A field is even smaller from the ideal-theoretic viewpoint. Its only ideals are $0$ and the whole field, so no infinite growth of ideals can begin.

[example: Fields and Polynomial Rings in One Variable] Let $k$ be a field. We first identify its ideals. If $I \trianglelefteq k$ and $I=\{0\}$, then $I=(0)$. If $I\ne \{0\}$, choose $a\in I$ with $a\ne 0$. Since $k$ is a field, $a^{-1}\in k$, and closure of the ideal $I$ under multiplication by elements of $k$ gives \begin{align*} 1=a^{-1}a\in I. \end{align*} For any $b\in k$, closure under multiplication by $b$ gives \begin{align*} b=b\cdot 1\in I. \end{align*} Thus $I=k$. Hence the only ideals of $k$ are $(0)$ and $(1)=k$, so every ideal of $k$ is finitely generated. By *Ideal Characterisation of Noetherian Rings*, $k$ is Noetherian.

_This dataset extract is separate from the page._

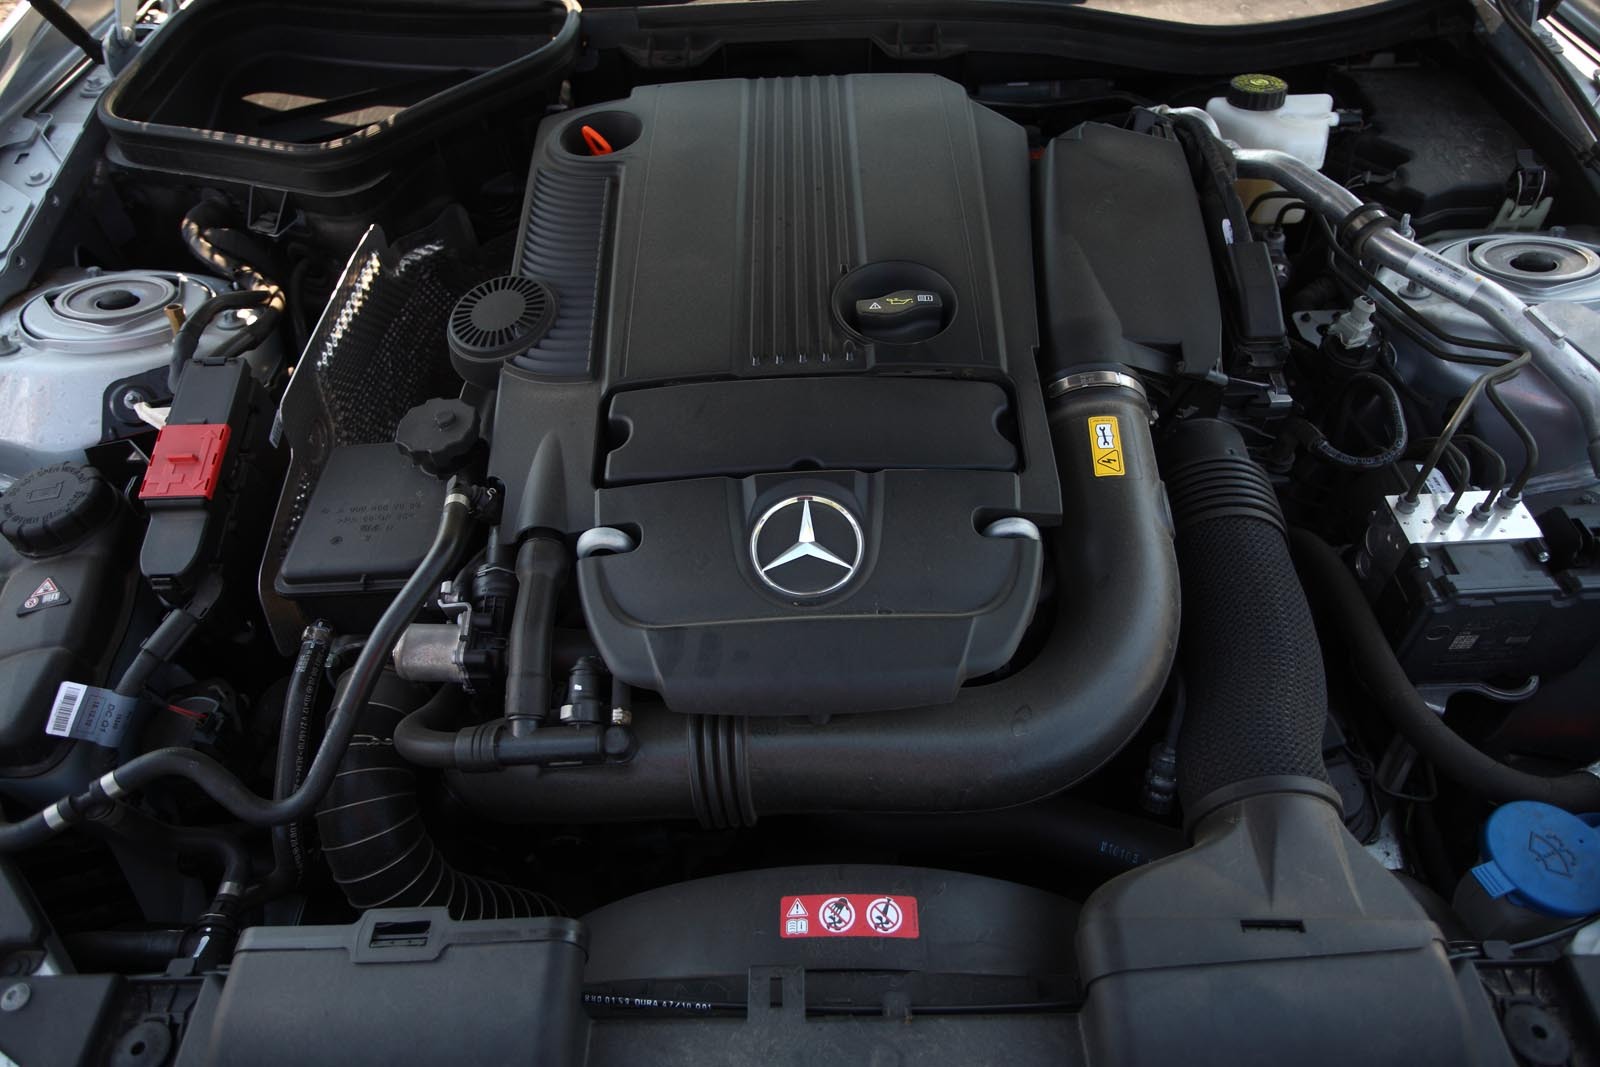 Motorul turbo de 1,8 litri dezvolta 184 CP si 270 Nm
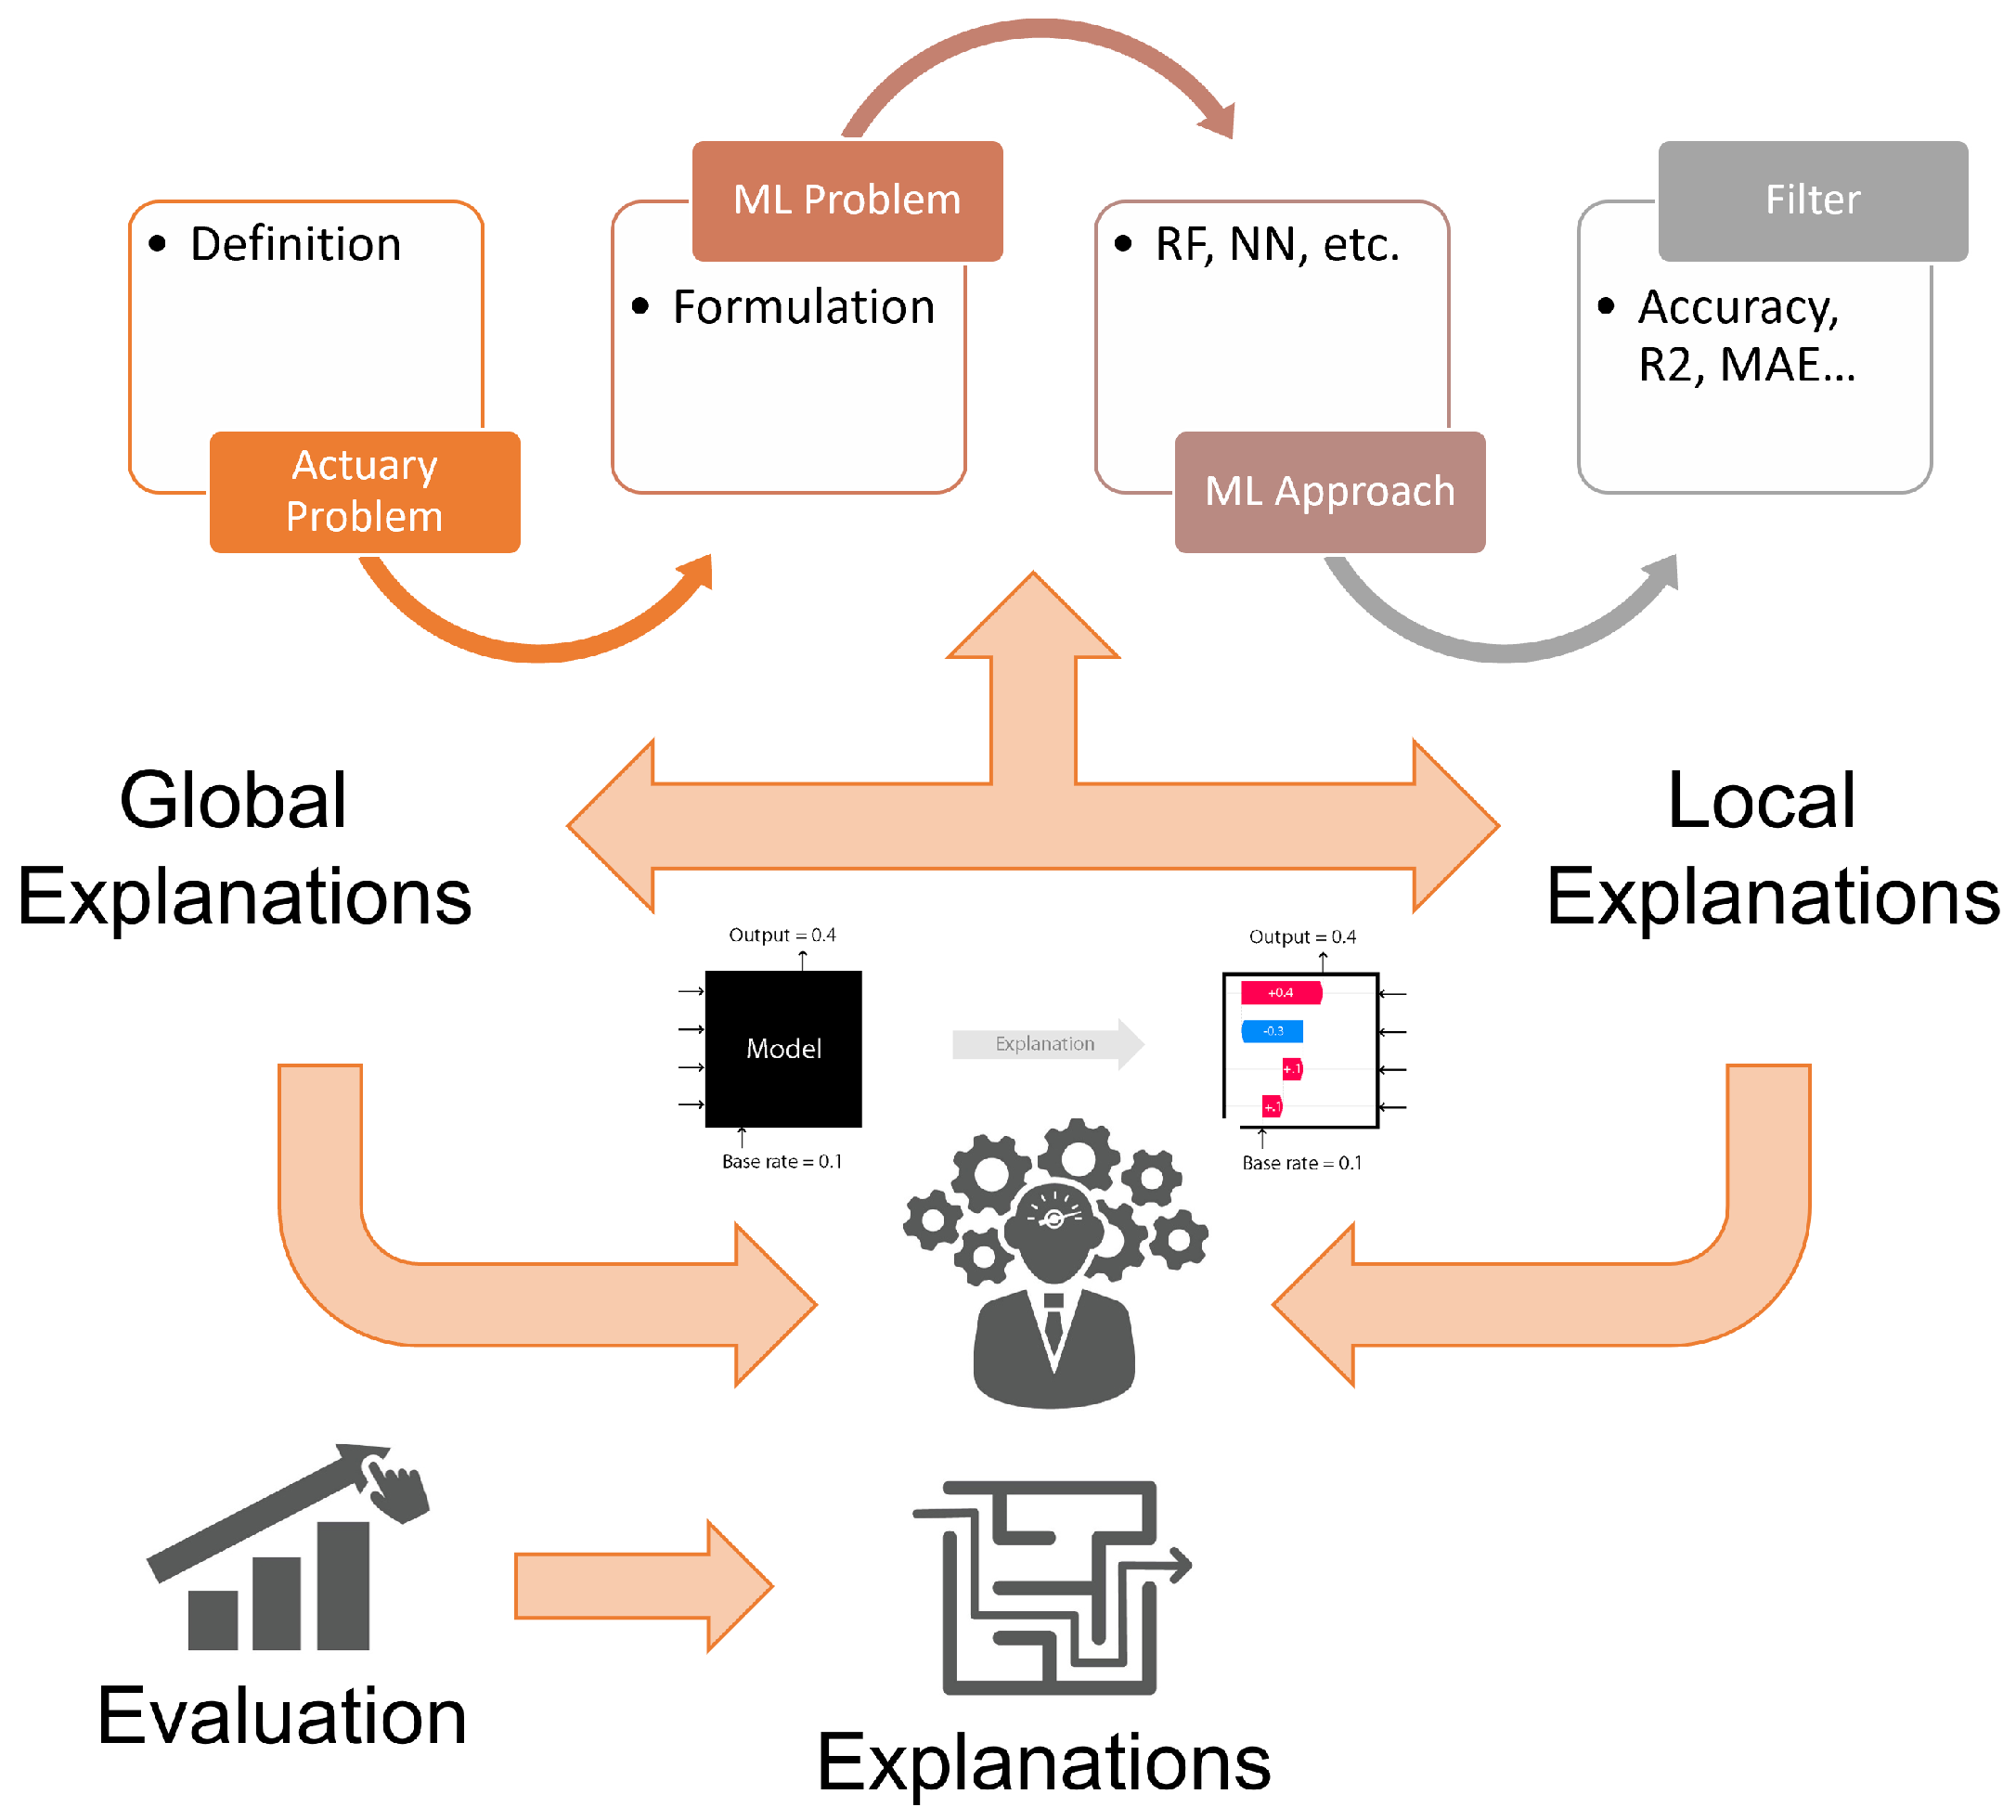 Econometrics: Definition, Models, and Methods

Now consider $k[x]$. Since $k[x]$ is a principal ideal domain, every ideal $J\trianglelefteq k[x]$ has the form \begin{align*} J=(f) \end{align*} for some $f\in k[x]$. This means every element of $J$ is of the form $g(x)f$ with $g(x)\in k[x]$, so $J$ is generated by the single element $f$. Therefore every ideal of $k[x]$ is finitely generated, and by *Ideal Characterisation of Noetherian Rings*, $k[x]$ is Noetherian. [/example]